A common trait of the Cocker Spaniel breed, especially for those dogs that come from a puppy mill environment is they can be prone to submissive urination which typically happens whenever a dog feels excited, shy, anxious, or scared. This is an instinctual, physical response that occurs when the dog wants to show they are relinquishing dominance to another person or dog to show they are not a threat. When this happens, they will crouch down and release a few drops of pee. When Chutney is nervous or excited this will sometimes happen.  Most dogs are able to grow out of this habit, and as Chutney continues to build her confidence it’s likely to help resolve this issue. Her foster family has also learned there are certain ways that work best when approaching her to reduce the possibility of an accident happening.  Her adoptive family will need to incorporate this way of approaching her and also be patient and understanding of a dog that piddles occasionally.  This is not a housebreaking issue, but a submissive behaviour.  

Chutney is doing well with housetraining and is learning how to signal when she needs to go outside. Because she gets anxious, she likes someone from her family to be near by when she goes out to do her business; otherwise, if she is sent out alone she is more interested in getting back inside to be with her family instead of going to the bathroom. Instead of being let out in the backyard, she prefers to go out on her leash for a quick walk, even if it’s just for a couple minutes. While Chutney is starting to signal when she is ready to go outside, there isn’t always a lot of advanced warning ahead of time. For this reason, we try to take her out at regular intervals throughout the day to avoid accidents.

Chutney is crate trained and goes in her crate at night to sleep, or when she’s left alone at home. She hasn’t shown any overly destructive behaviour but will occasionally try to get into things she shouldn’t if left unsupervised. She has been left alone in her crate for up to 6 hours during the day without any accidents. Her foster parents work-from-home so there is usually someone with her most of the day, and although it’s not mandatory that her new owners work-from-home, or be retired, it would be better for someone to be home with her more often than leaving her home alone. A family that has opposite, or over-lapping work or school schedules could also work.

Chutney is quiet and has only barked once or twice the whole time living with her foster family, and while Chutney does have some anxiety, she isn’t overly skittish or jumpy. Because of this, she would do well in most types of home environments. Detached homes, townhouses and some smaller apartment buildings could work for her. However, large high-rise types of apartment buildings would not be a great fit.  She needs quick and easy access to outside for her housetraining success and also needs a quiet home environment.  She will not handle the hustle and bustle of a large apartment building with elevators etc.  
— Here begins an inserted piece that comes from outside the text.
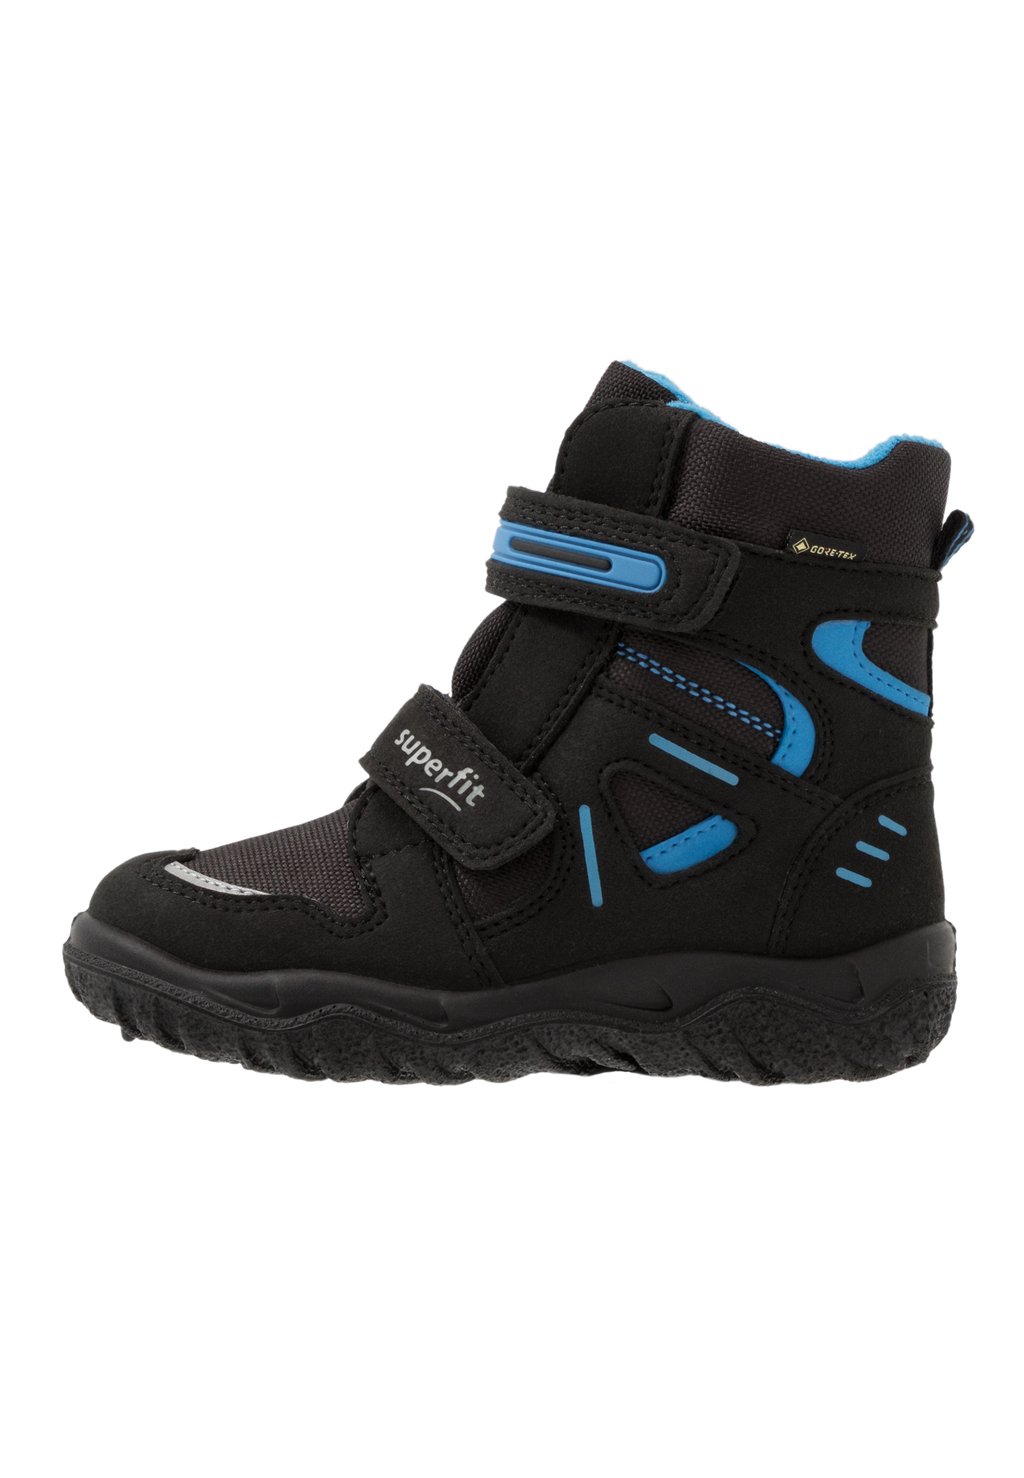 Зимние ботинки/зимние ботинки HUSKY Superfit, цвет schwarz/blau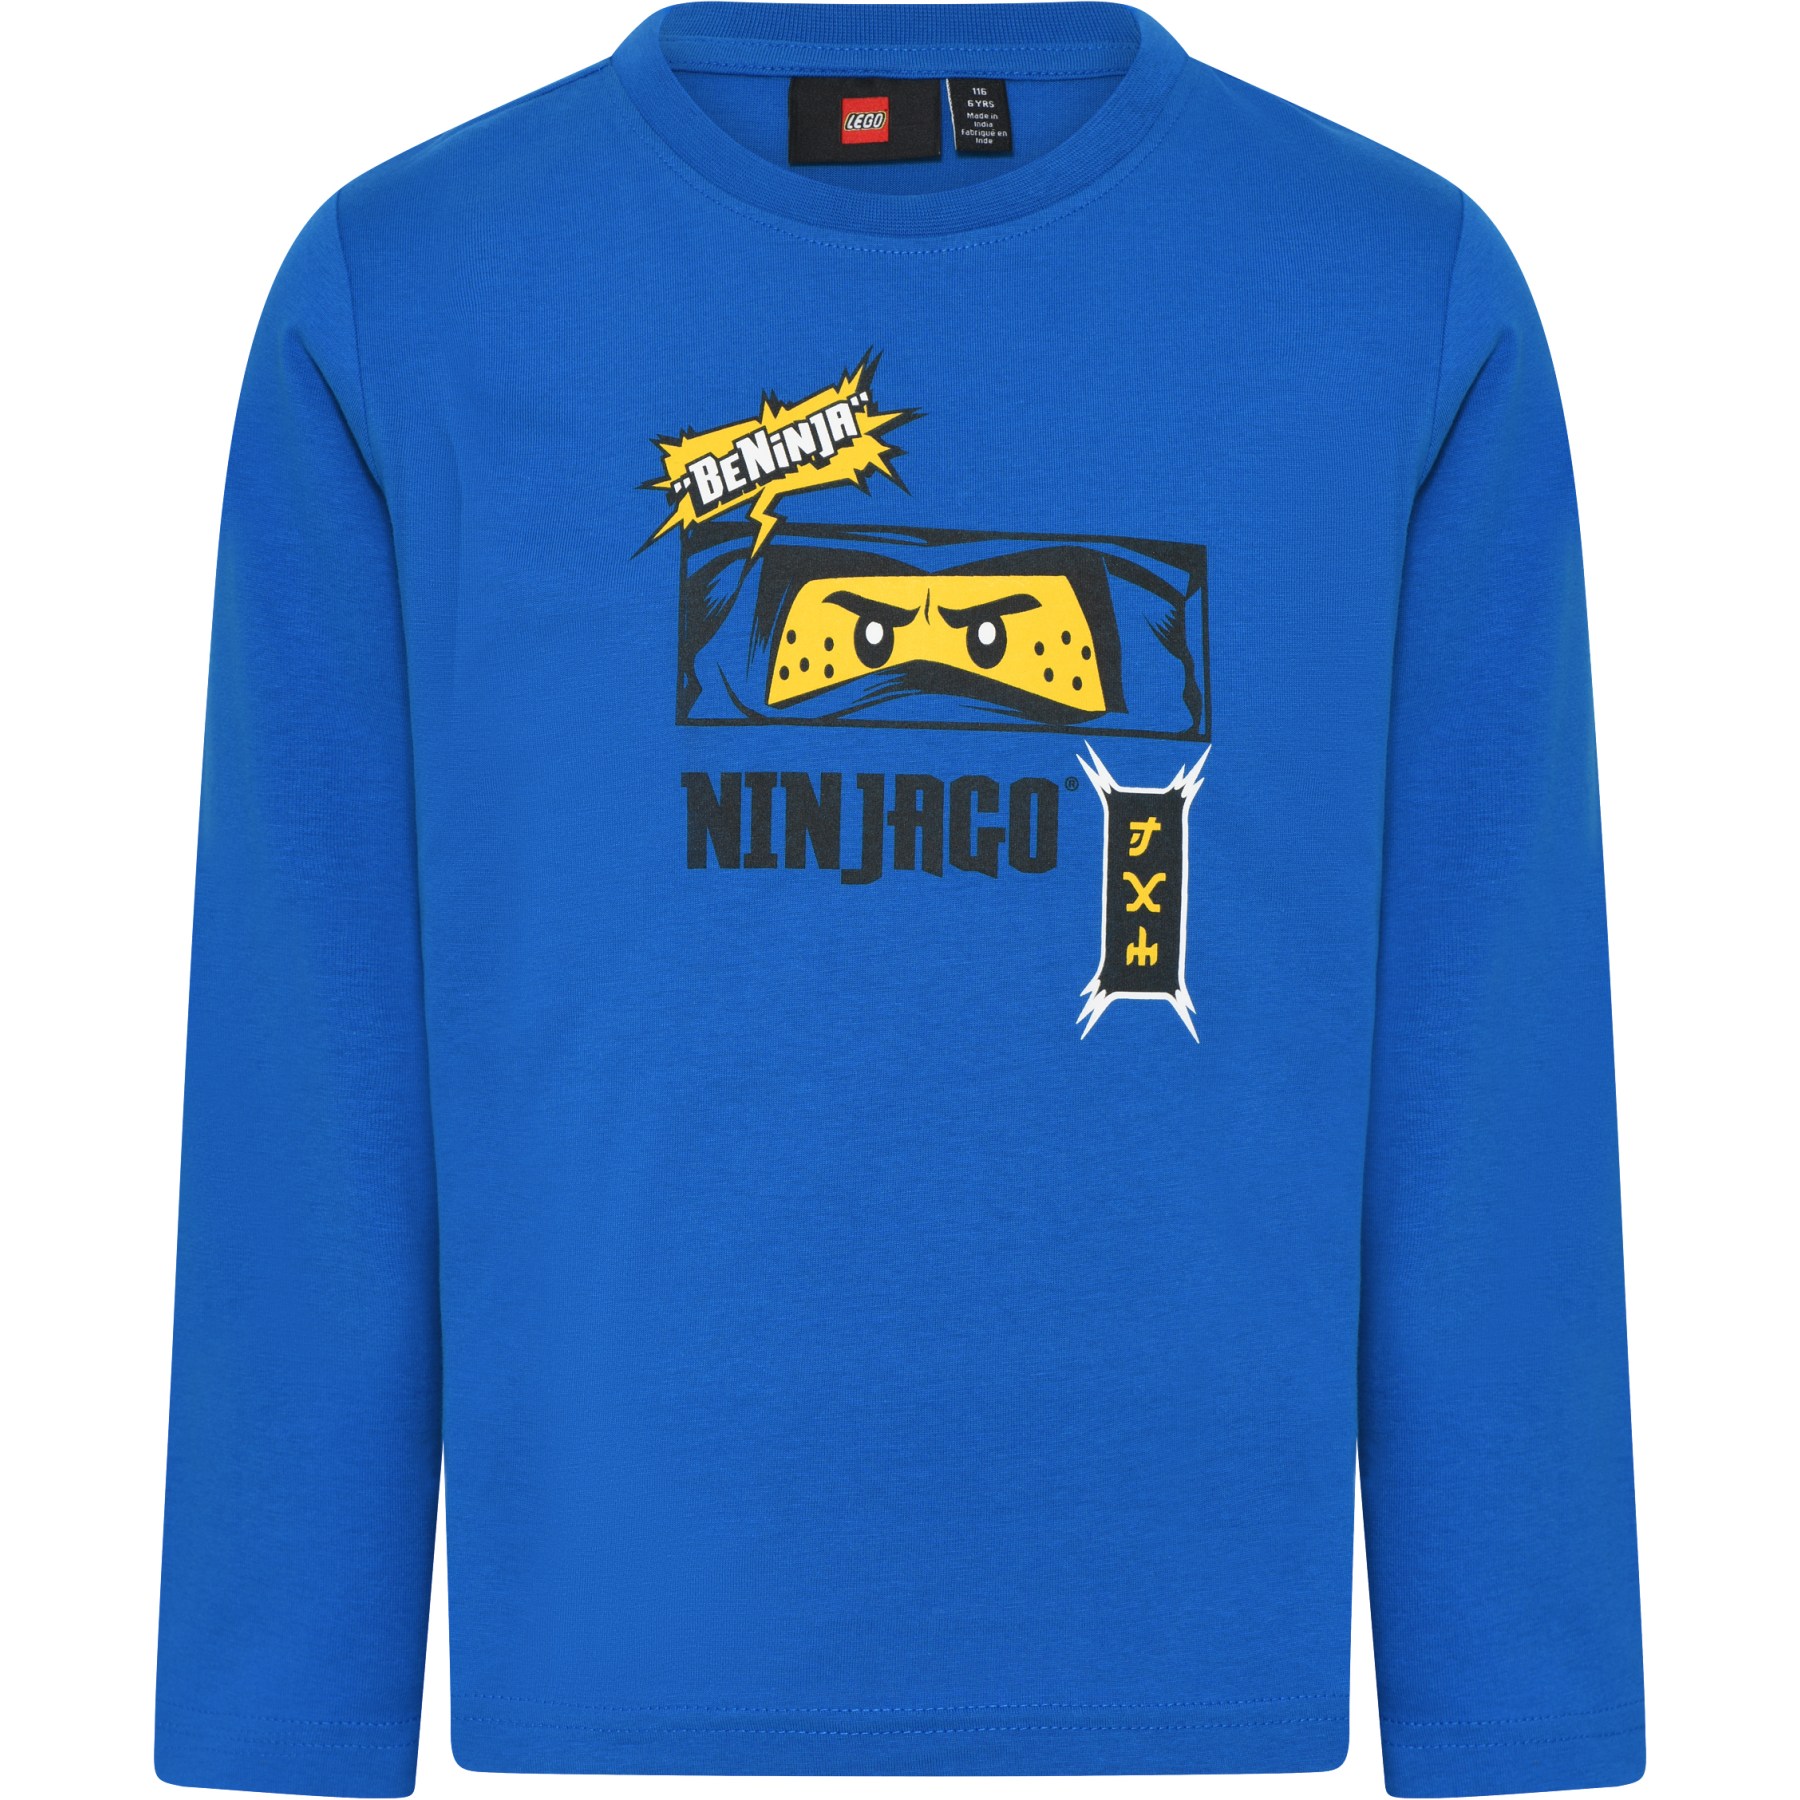 Productfoto van LEGO® Taylor 608 - NINJAGO Jongens Shirt met Lange Mouwen - Blauw

Chutney is a low-shedding dog,  and will need occasional professional grooming with regular maintenance at home.   Her foster parents would recommend getting her professionally groomed once or twice a year just to tidy her up and take care of any minor matting that may occur.  This will also help to reduce her shedding even further, especially during the springtime when she is shedding her winter coat in preparation for the warmer weather.

Chutney has the sweetest personality, and just wants to make her family happy. This girl is a total lovebug who is always up for a snuggle. Her favourite thing to do is hang out on the couch and cuddle up beside you while watching tv.  She loves to burrow into the pillows and will often make pillow forts for herself covering herself up with all the throw cushions leaving only her nose sticking out. It’s recommended that her new family have previous experience owning a dog, as they will need to have patience with her while helping to build her confidence as she transitions to her new home. If you can provide a calm and loving home environment, with consistency to support her continued training then please apply to give this sweet girl her new home.